▶ _ASSIGNMENT_
A verbatim copy of all the data is required; the pictures should not appear in it.

▶ _RECORDED DATA_
.....

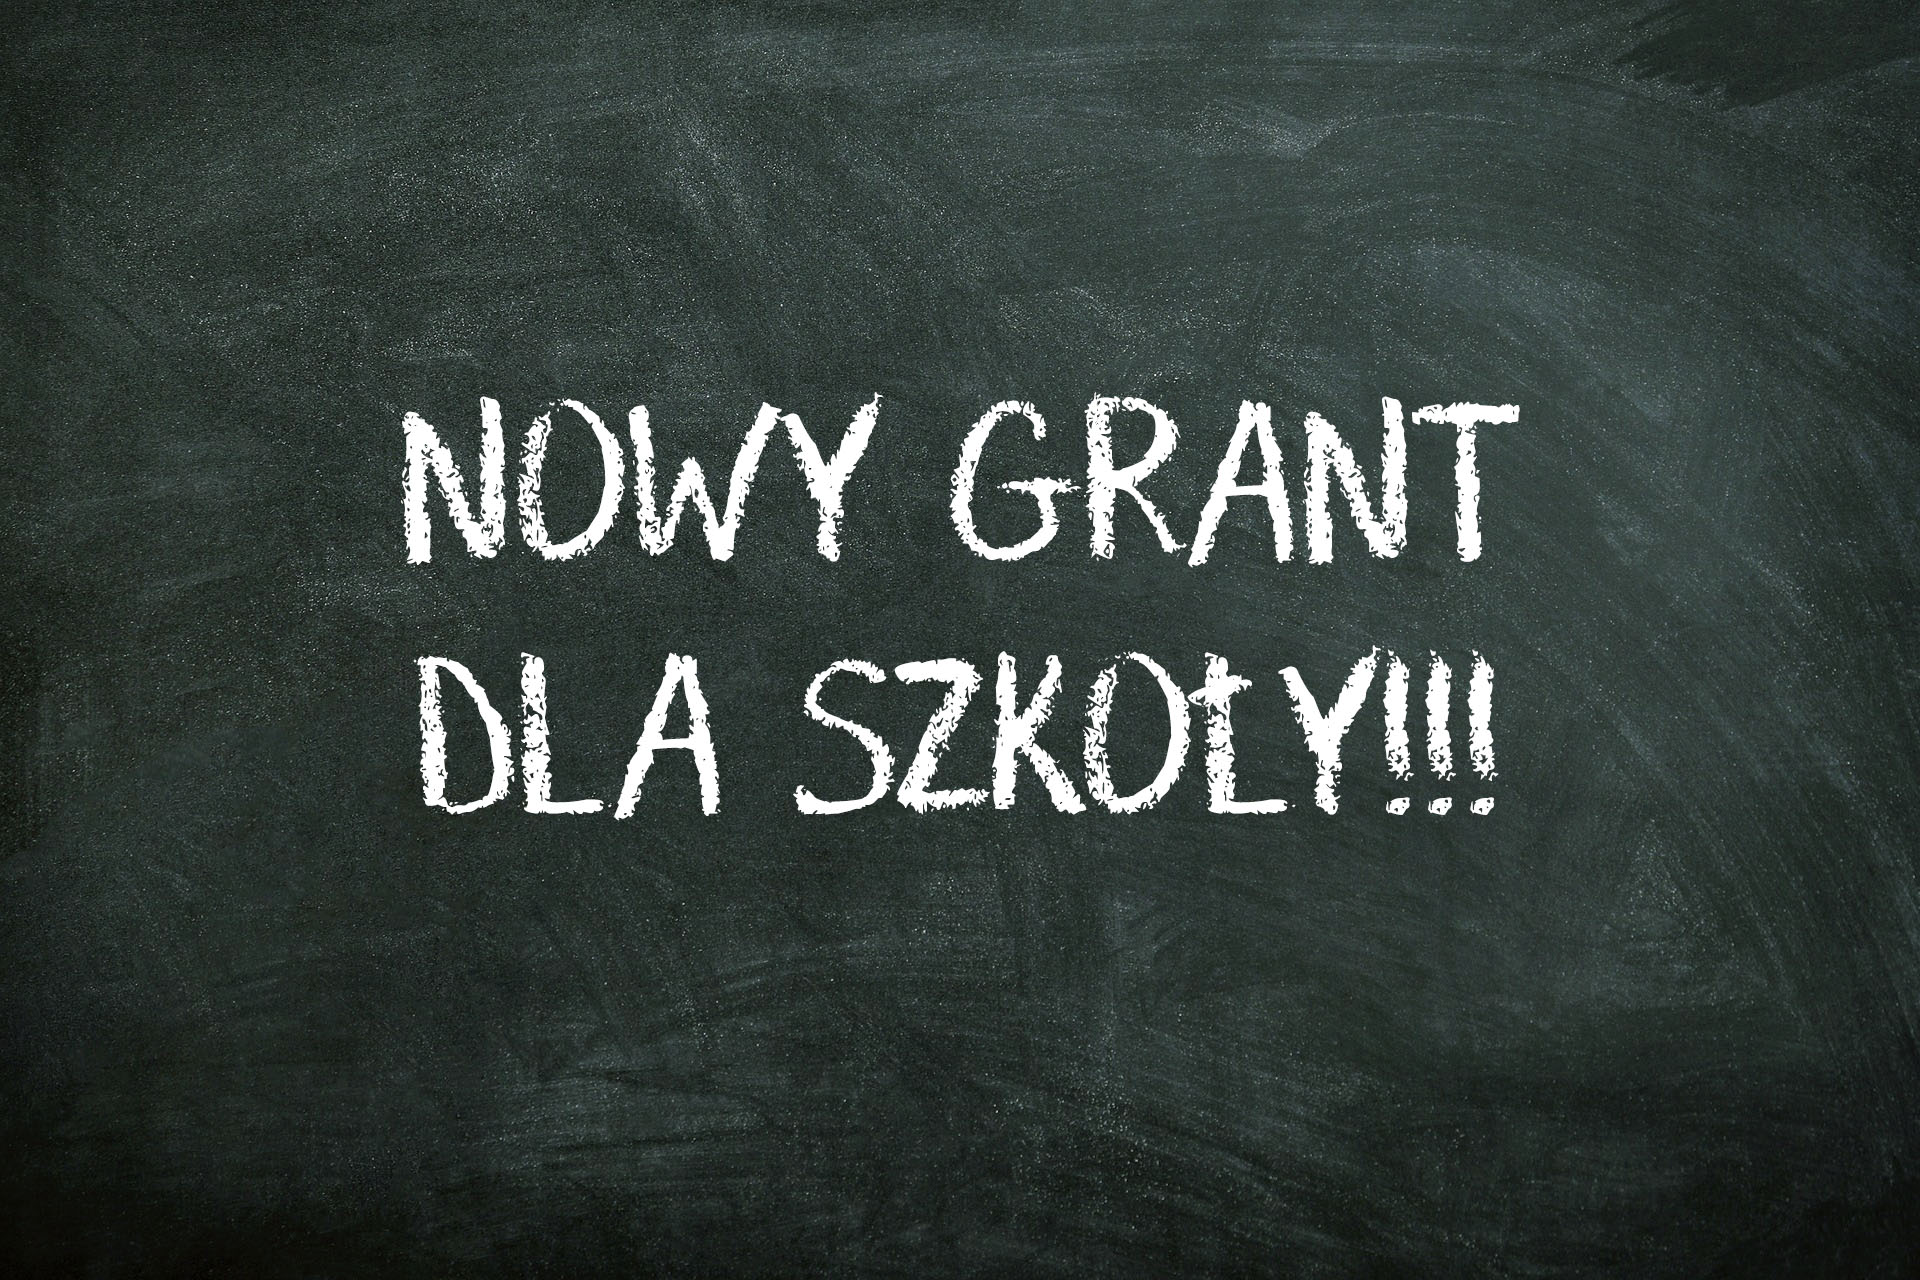 nowy grant dla szkoly2019
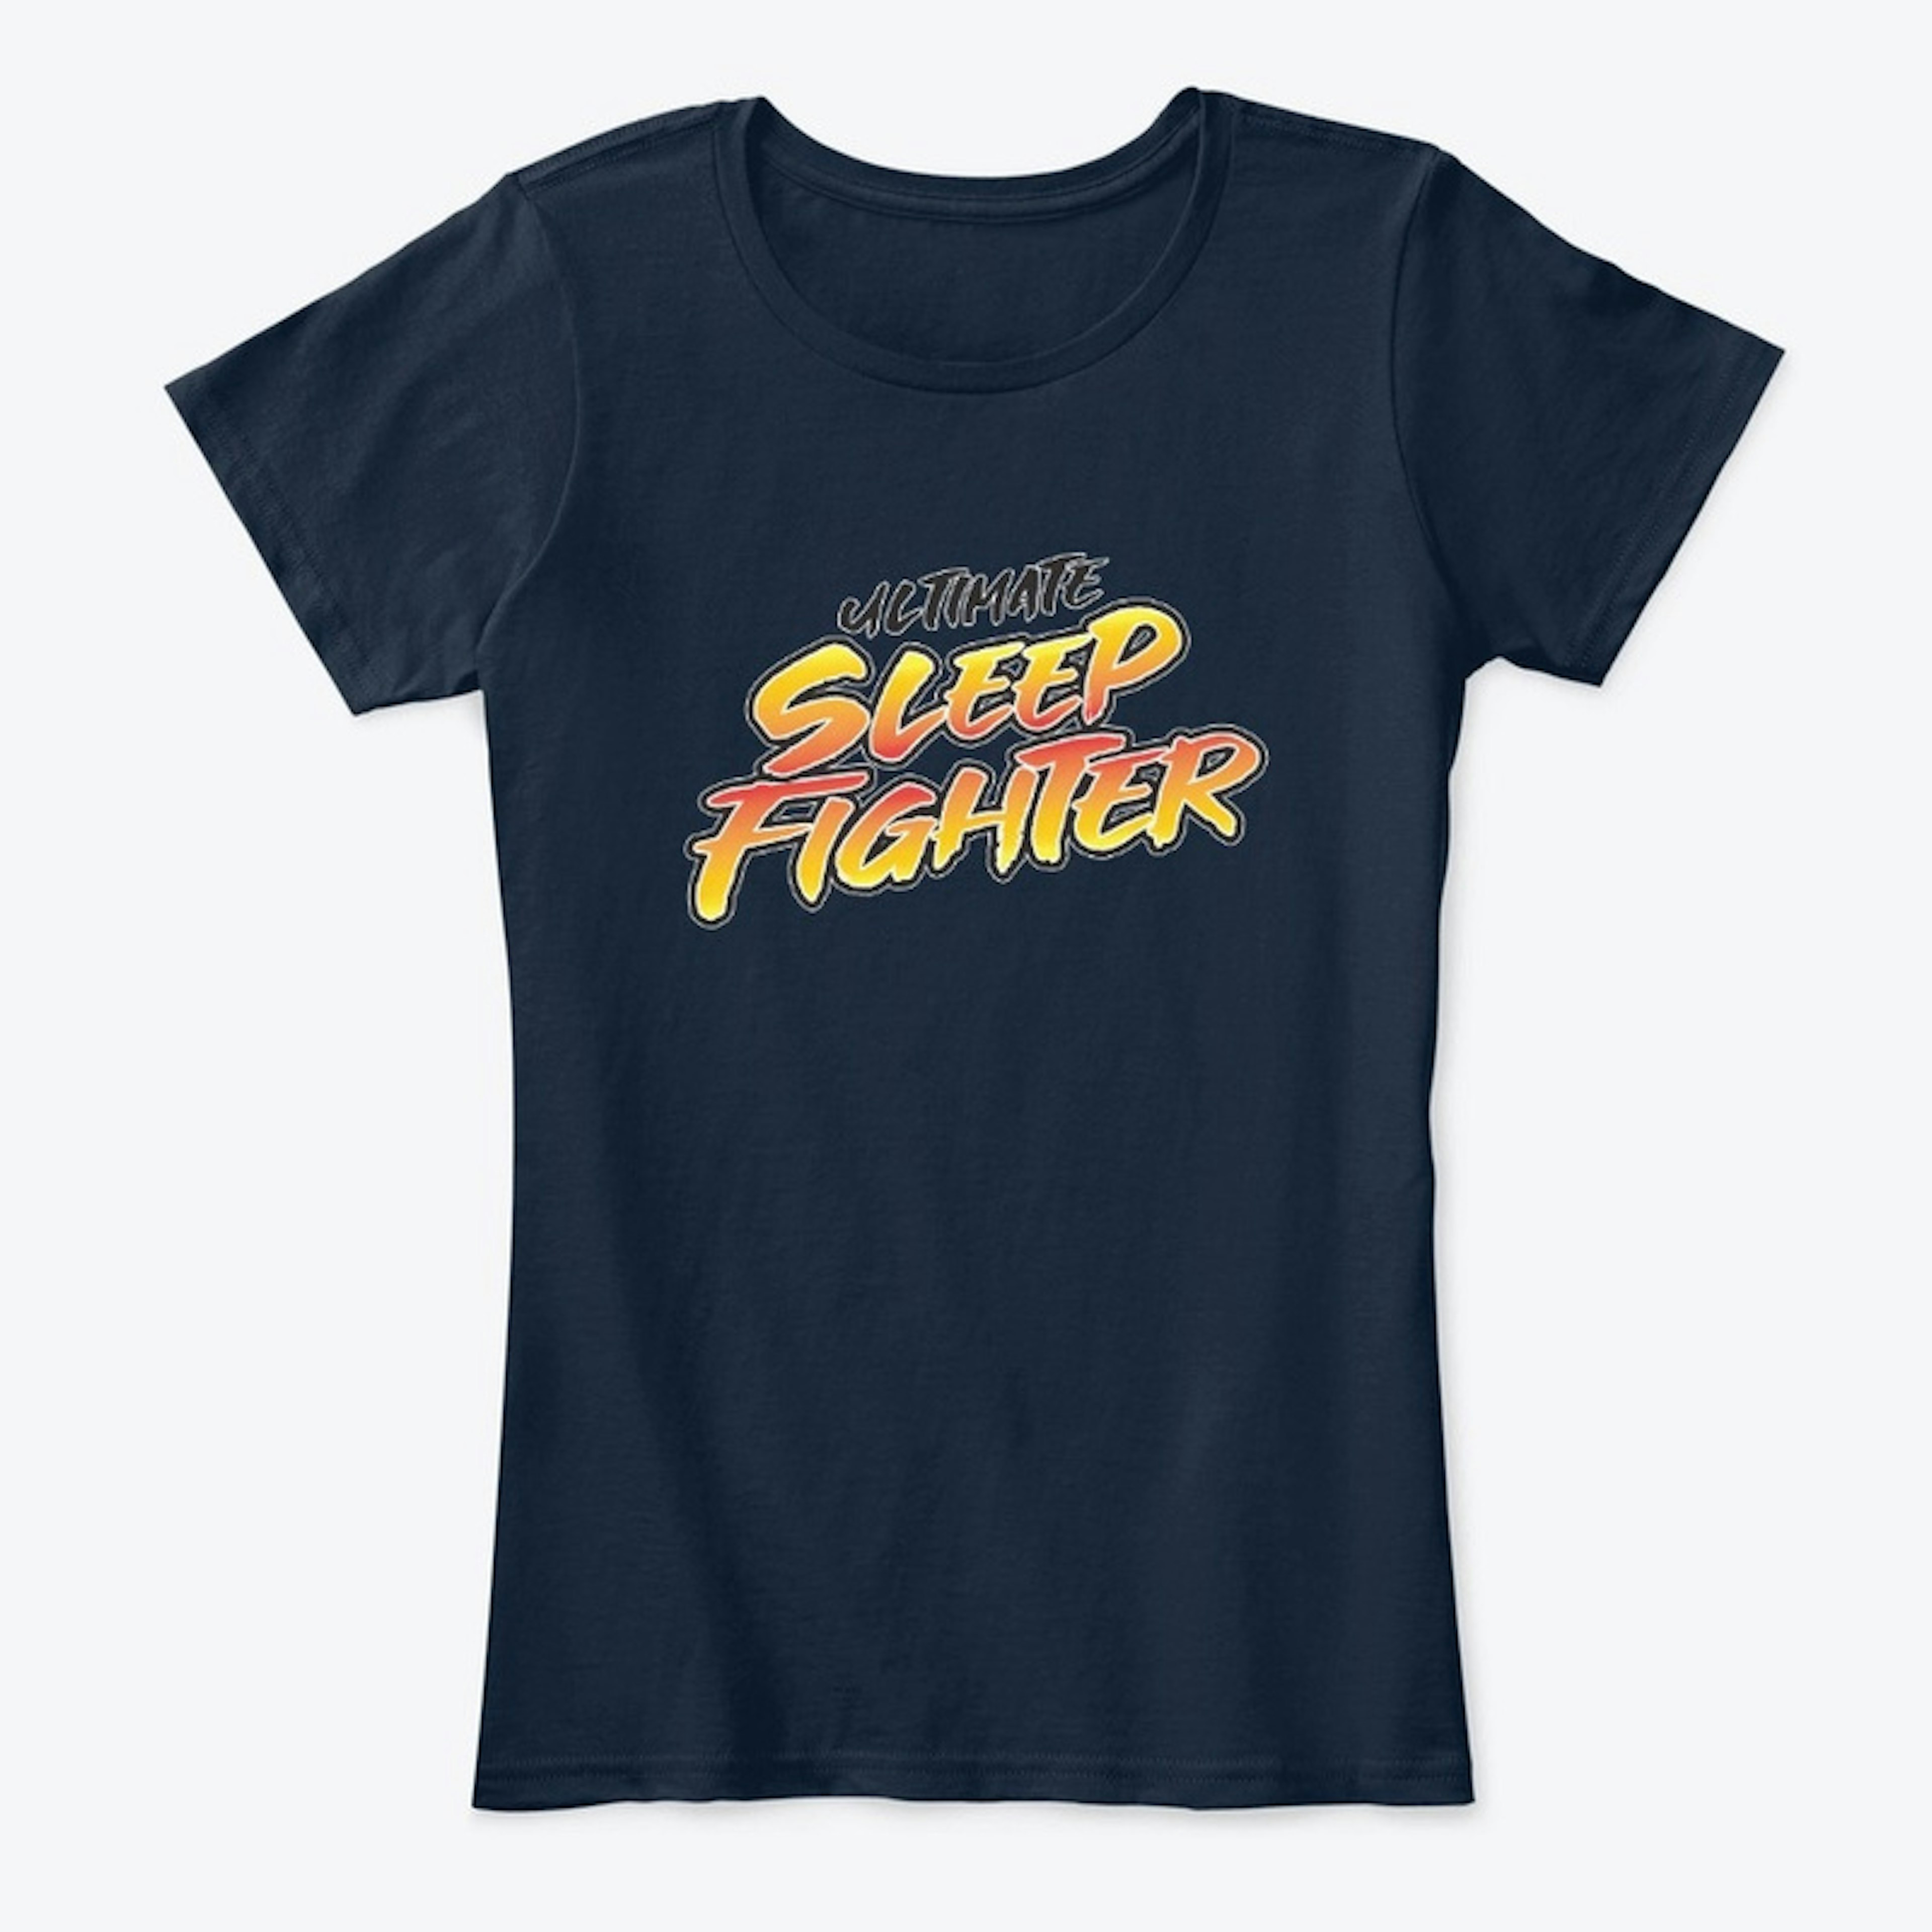 Ultimate Sleep Fighter
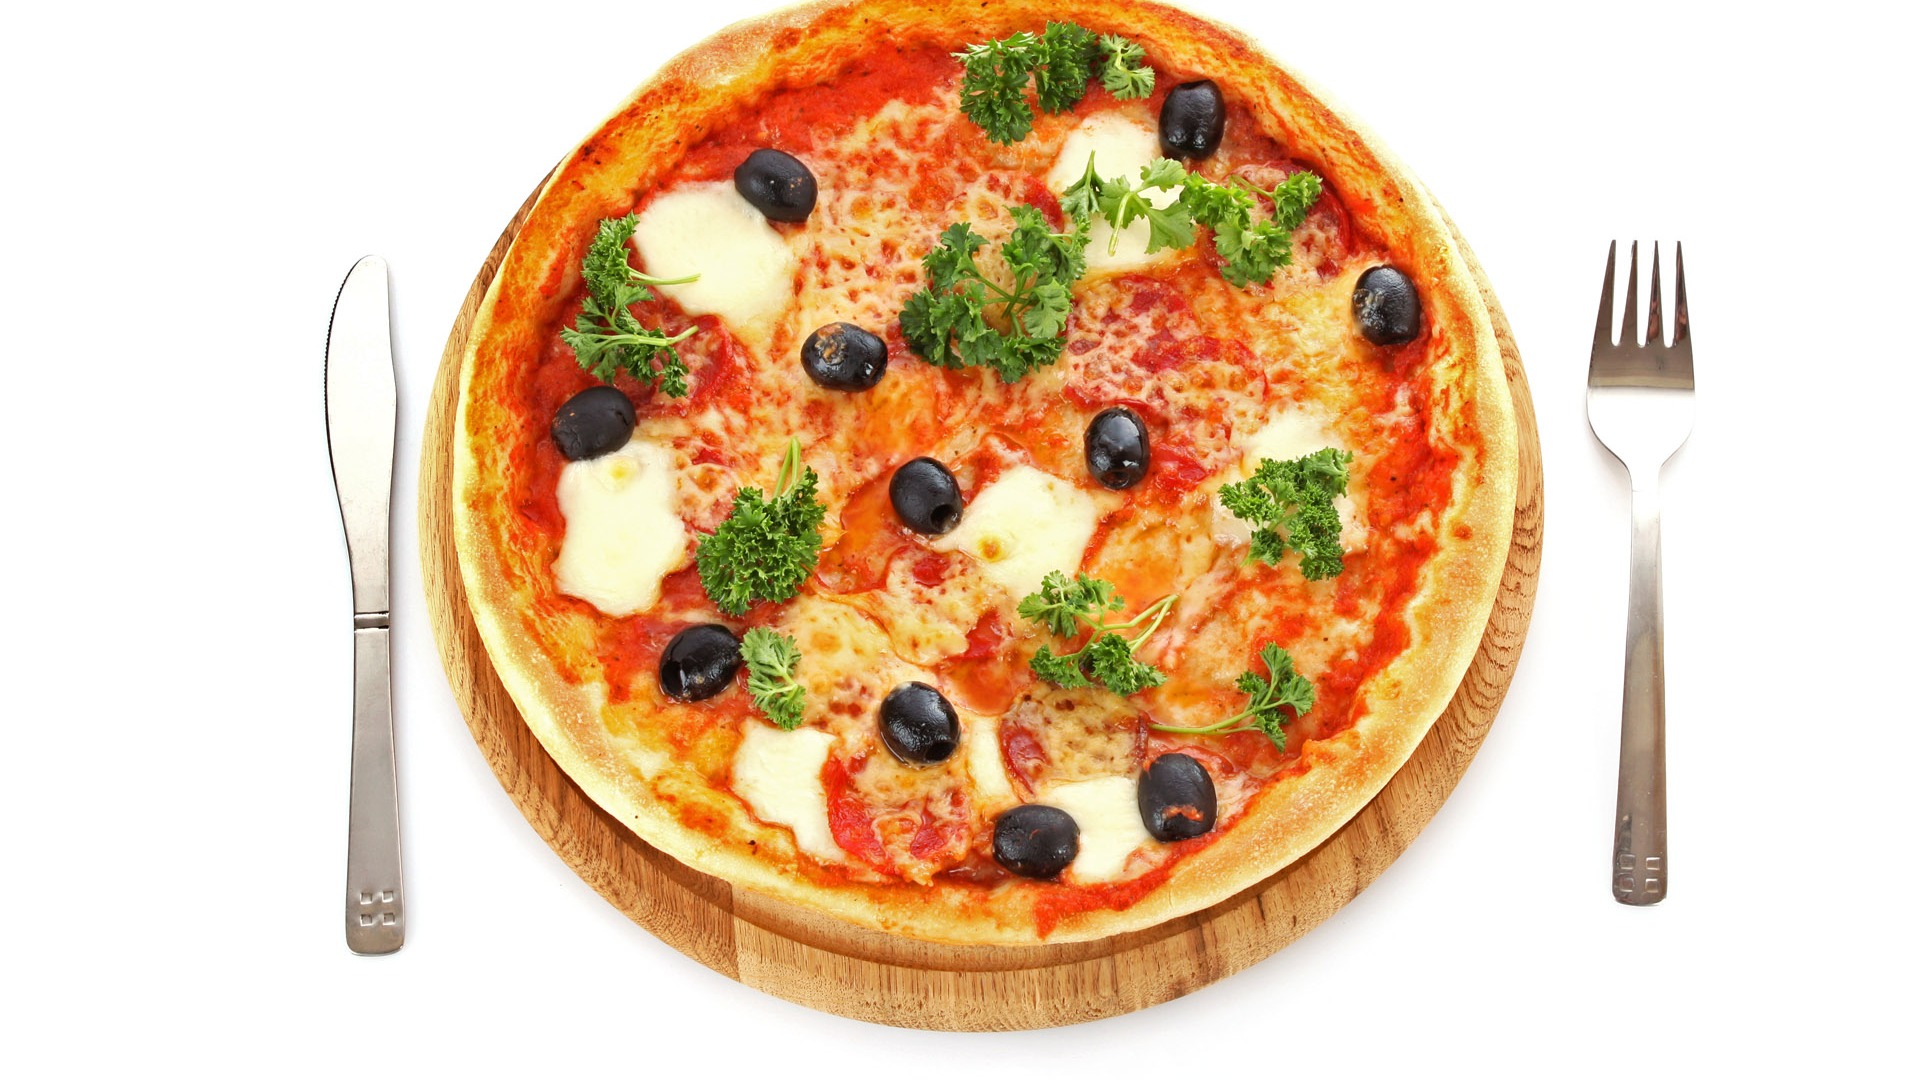 Fondos de pizzerías de Alimentos (4) #9 - 1920x1080

.....

▶ _PROBLEM SOLUTION_
 nowy grant dla szkoly2019
 Ultimate Sleep Fighter
 Fondos de pizzerías de Alimentos (4) #9 - 1920x1080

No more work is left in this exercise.